The data I reported above raised some questions that needed addressing, especially, “why were my results so different from published data”. I have new data that provides a plausible answer: surface area.

@Randy Holmes-Farley has made clear that surface area is an important factor in determining the phosphate adsorbing capacity of calcium carbonate. Taking the hint, I ground my aragonite sand in a mortar and pestle, and than with a 200 mesh sieve, isolated sand grains that were comparable to those used by Millero, et al. The plot below (with its hobby friendly units) shows Millero’s results (green), and my results for sugar sand (orange), and ground and sieved sugar sand (blue). The match between Millero’s results and mine for ground sand is not perfect but close. A possible reason for the curve shape difference is mineral content. Millero used pure aragonite whereas I used aragonite sand which is likely a mixture of calcite and aragonite. In fact, my results resembles Millero‘s results for calcite.
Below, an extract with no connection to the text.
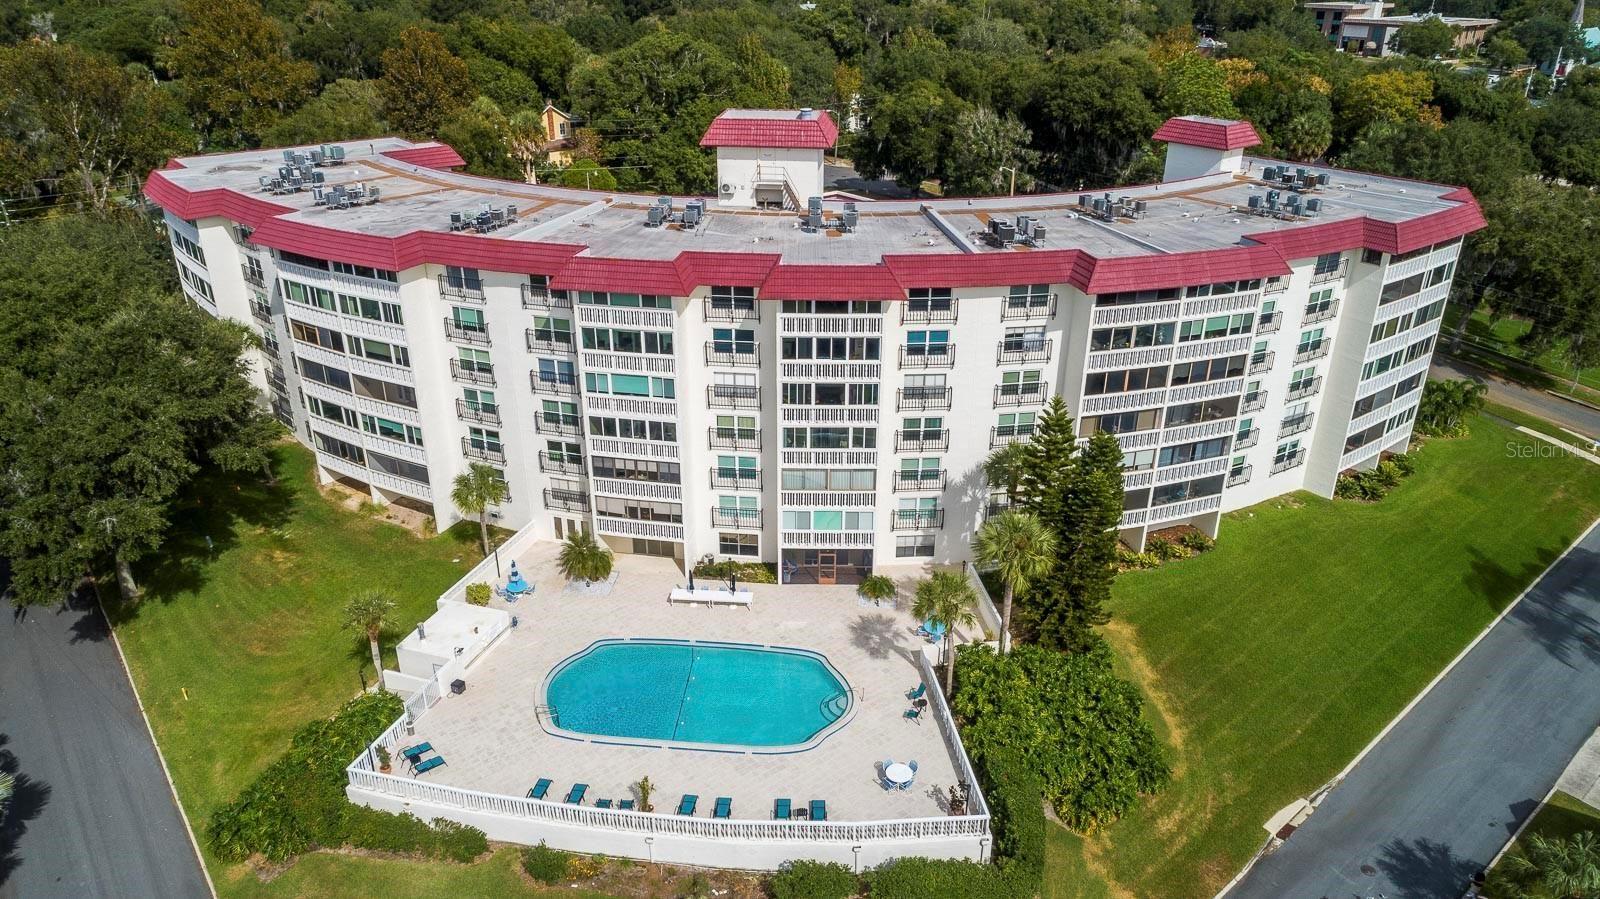 601 N MCDONALD STREET #506, Mount Dora, FL 32757 - MLS#: G5039201

By the way, the idea of adding powdered calcium carbonate to remove phosphate from the water (but maybe not from the aquarium) gets a boost in credibility from this data, though we are likely adding the lower binding capacity mineral calcite.


C53D3875-1ABD-4331-9613-0DC04AAE265D.png

Interesting. How much do you think the surface area per g increased?

I'm wondering if any of the effect was to expose fresh surface area rather than the increase in surface area per g. Maybe the old sand had something on the surfaces that was inhibiting binding (such as organics).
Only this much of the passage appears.